Baroness Amos: UK/Syrian relations are important. Both sides are willing to invest time and effort in improving them. While we would not pretend to agree on every issue, we cannot attempt to resolve disagreements without dialogue. A candid dialogue is better than no dialogue at all.

Lord Janner of Braunstone asked Her Majesty's Government:

    Why President Assad of Syria will meet (a) Her Majesty the Queen in Buckingham Palace and (b) the Prince of Wales.[HL615]

Baroness Amos: it is customary for a head of state, on an official visit to the United Kingdom, to have an audience with the Queen if Her Majesty is available. On this occasion a call on the Prince of Wales also seemed appropriate. President and Mrs Al-Assad have an interest in the Prince of Wales' charitable works, in particular the Prince's Trust.
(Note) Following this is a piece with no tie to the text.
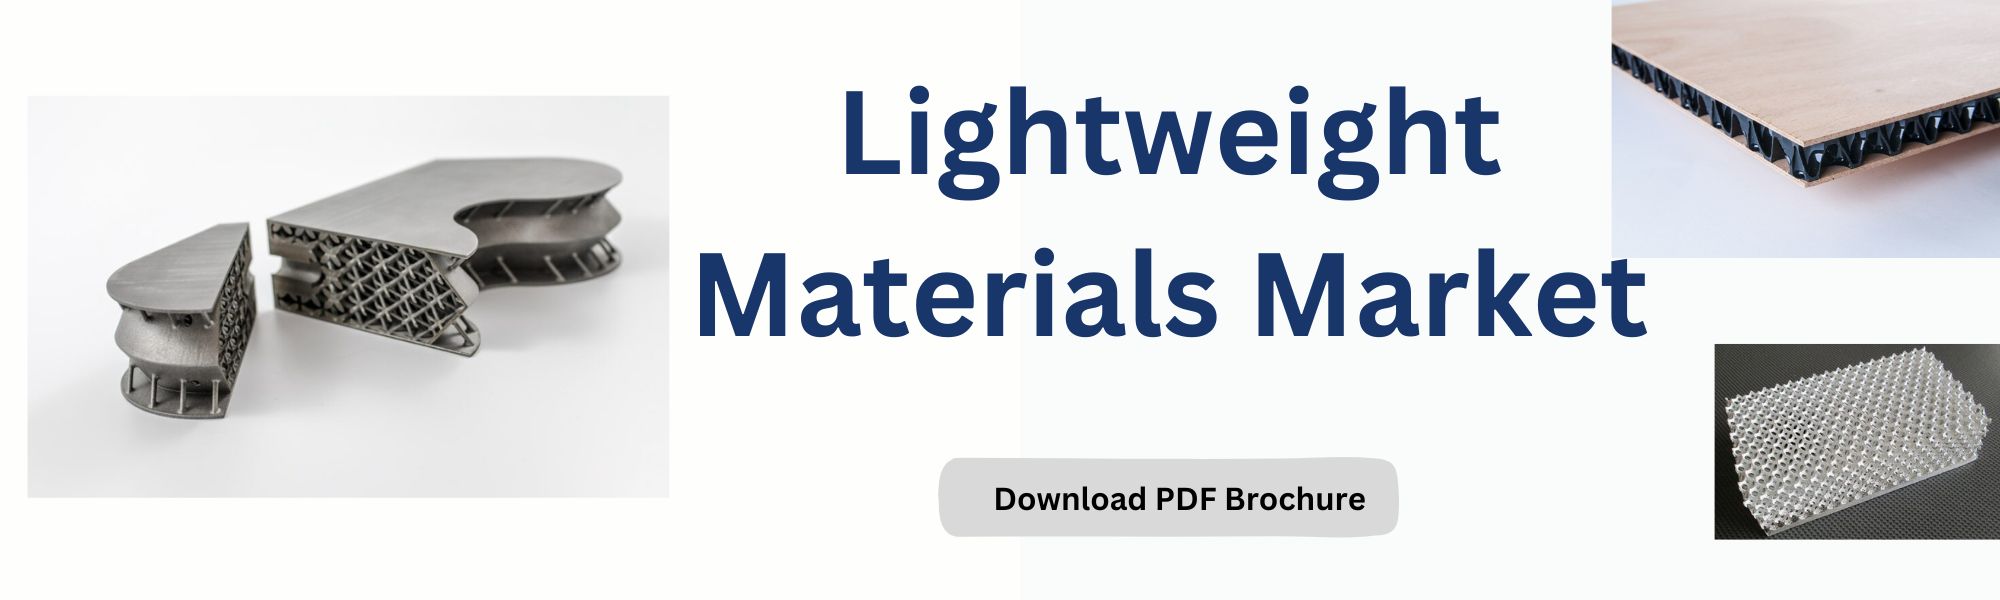 Lightweight Materials Market 3

International Centre for Prison Studies: Dissemination of Handbook for Prison Staff

Lord Hylton asked Her Majesty's Government:

    Whether they will provide copies of the Handbook for Prison Staff, recently published by the International Centre for Prison Studies, to British missions overseas, asking them, wherever possible, to bring it to the attention of prison authorities in those countries.[HL627]

Baroness Amos: Copies of the new International Centre for Prison Studies Handbook for Prison Staff have been sent to all British missions overseas. They have been asked to disseminate the publication to appropriate senior officials in ministries of justice, prisons and other relevant government administrations. The handbook is currently being translated into Russian, Spanish and Turkish. A French version is also planned in the next financial year. Once printed, UK missions in Russia and Russian-speaking countries, Turkey and South America, as well as Francophone Africa will circulate many hundreds of copies more. I have also arranged to have a copy placed in the Library of the House.

Middle East

The Earl of Sandwich asked Her Majesty's Government:

    Whether the Quartet engaged in the Middle East peace process has accepted the Taba proposals of January 2001 as a starting point, if not, which members of the Quartet rejected them; and on what grounds.[HL640]
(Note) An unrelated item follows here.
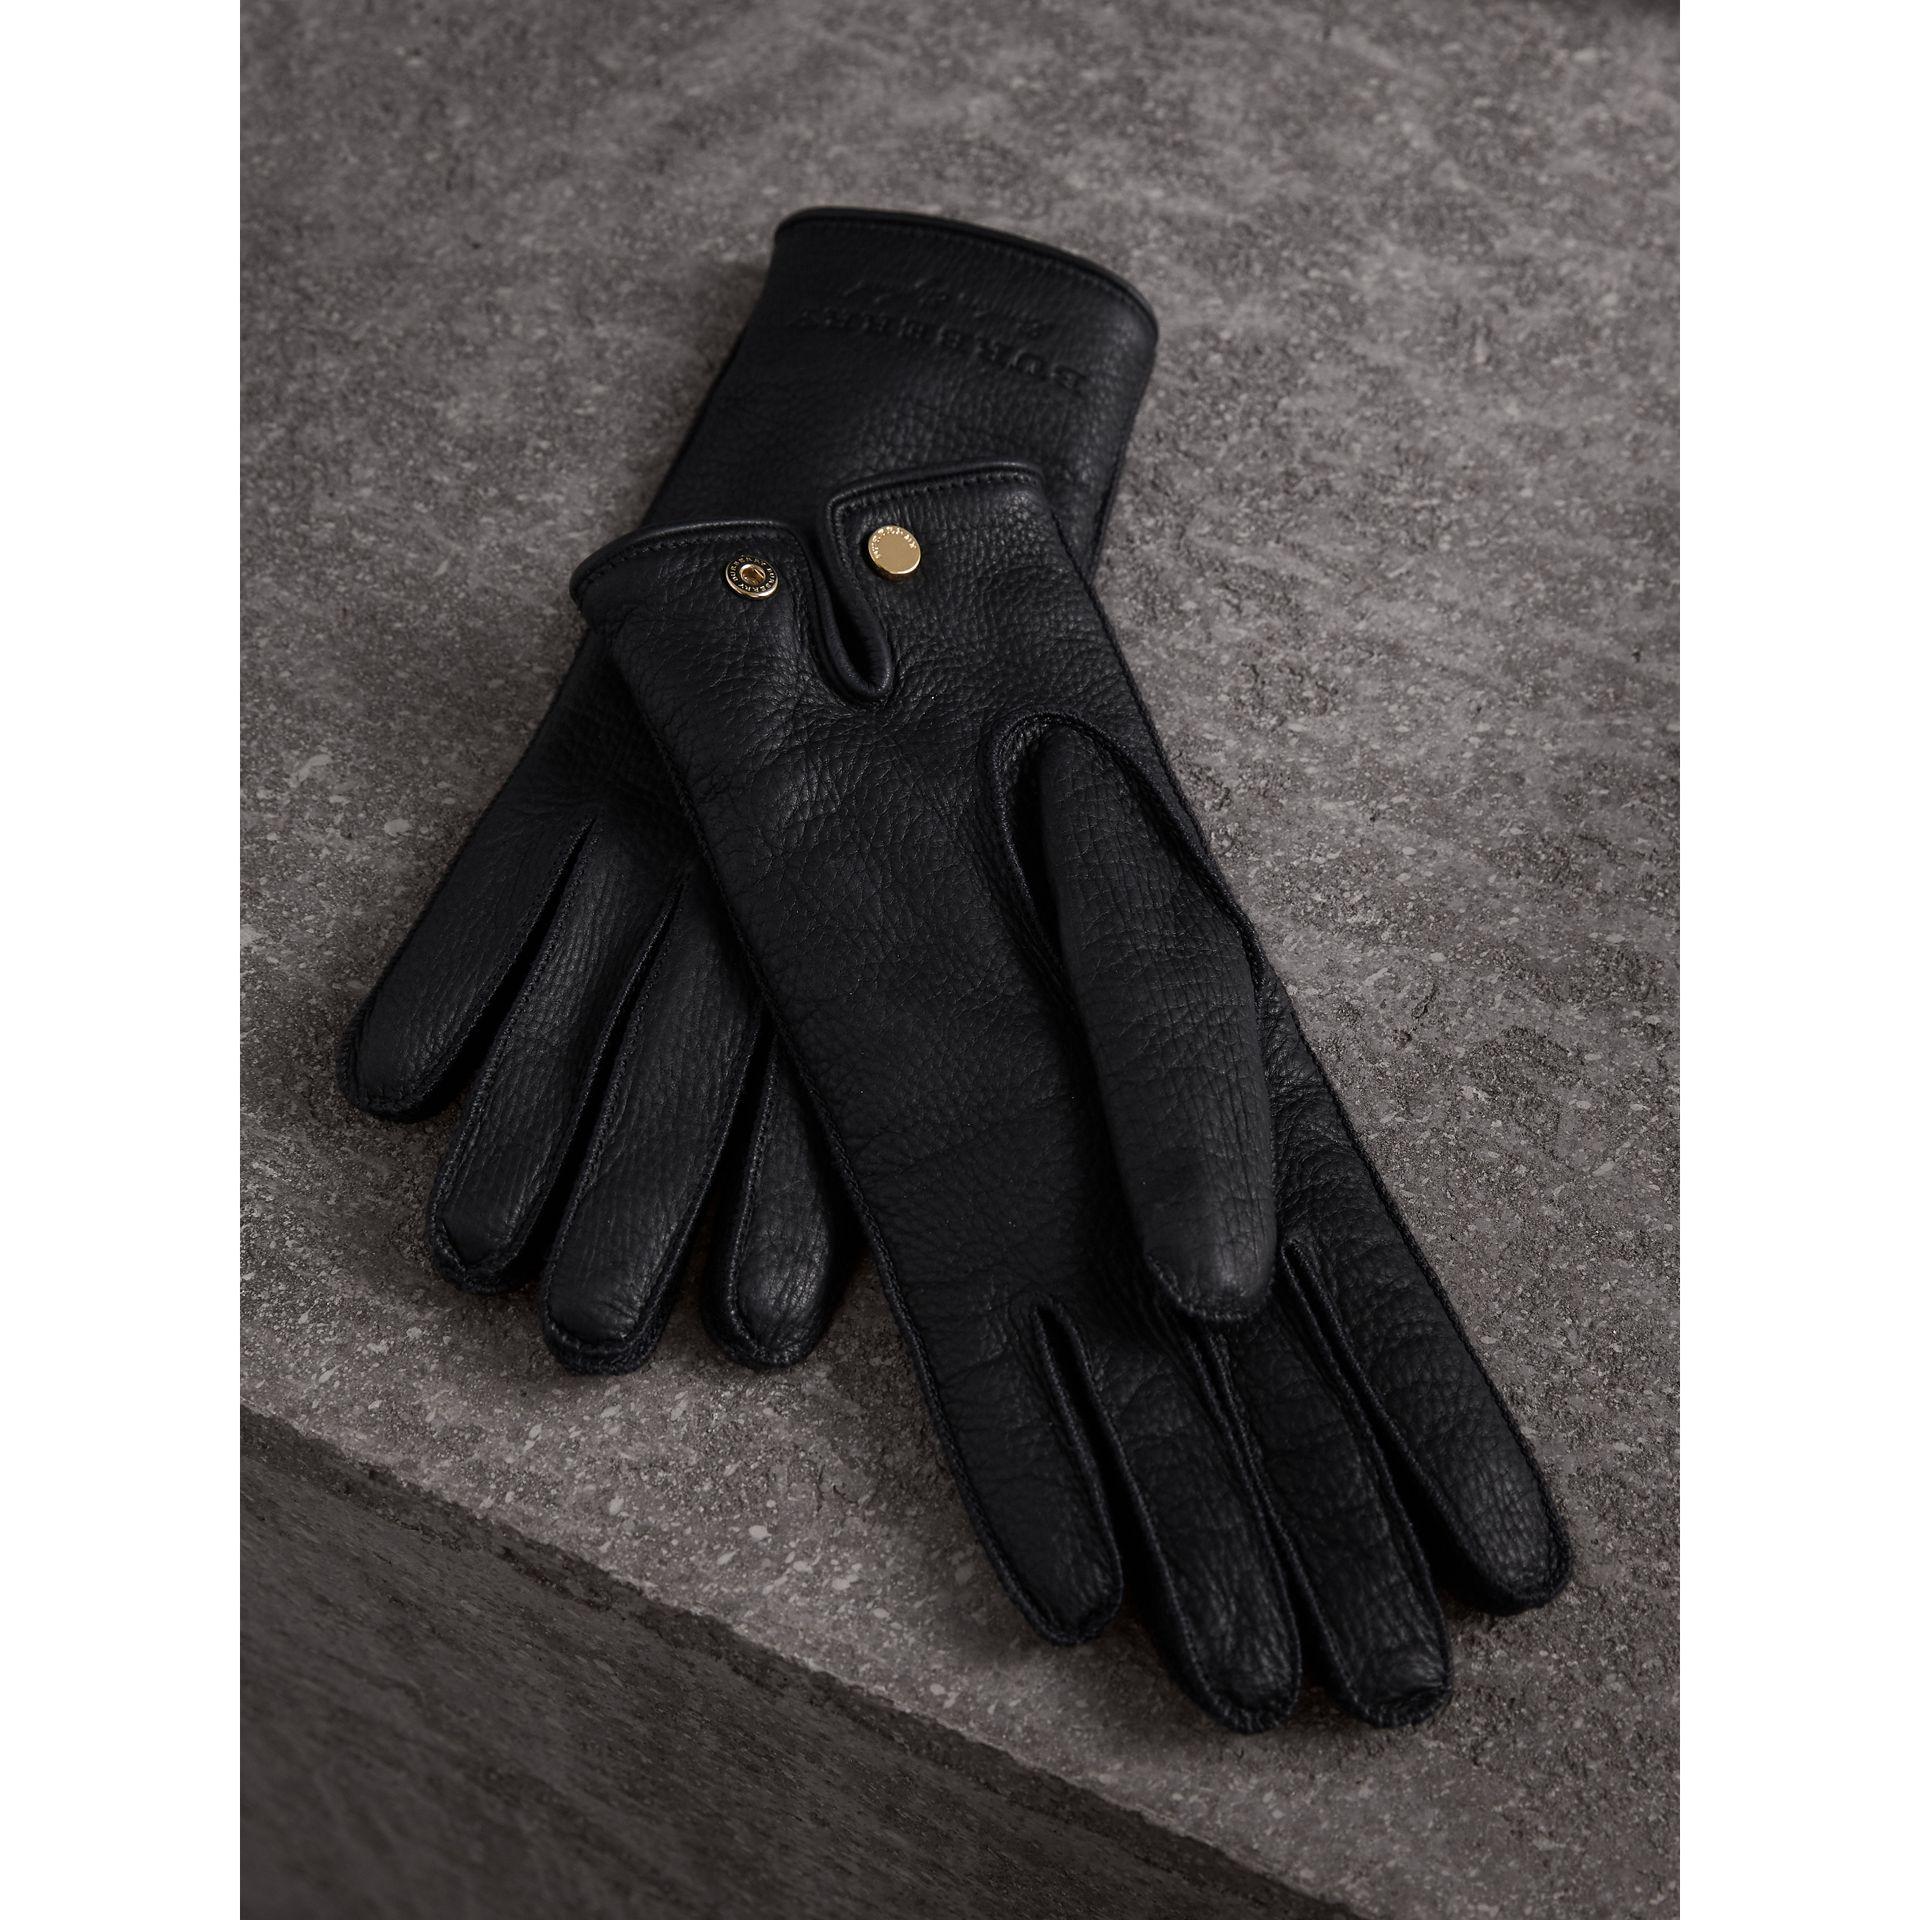 burberry deerskin gloves

19 Dec 2002 : Column WA140

Baroness Amos: We believe that the international community broadly shares our view that ideas discussed in Camp David and Taba provide a valuable framework for handling some of the issues which divide the Israeli and Palestinian peoples. The Quartet is working on a roadmap leading to a final settlement within three years, implementing the vision expressed by President Bush in June 2002. The Israeli occupation that began in 1967 will be ended through a settlement negotiated between the parties and based on UN resolutions 242 and 338, with Israeli withdrawal to secure and recognised borders and the creation of a viable Palestinian state.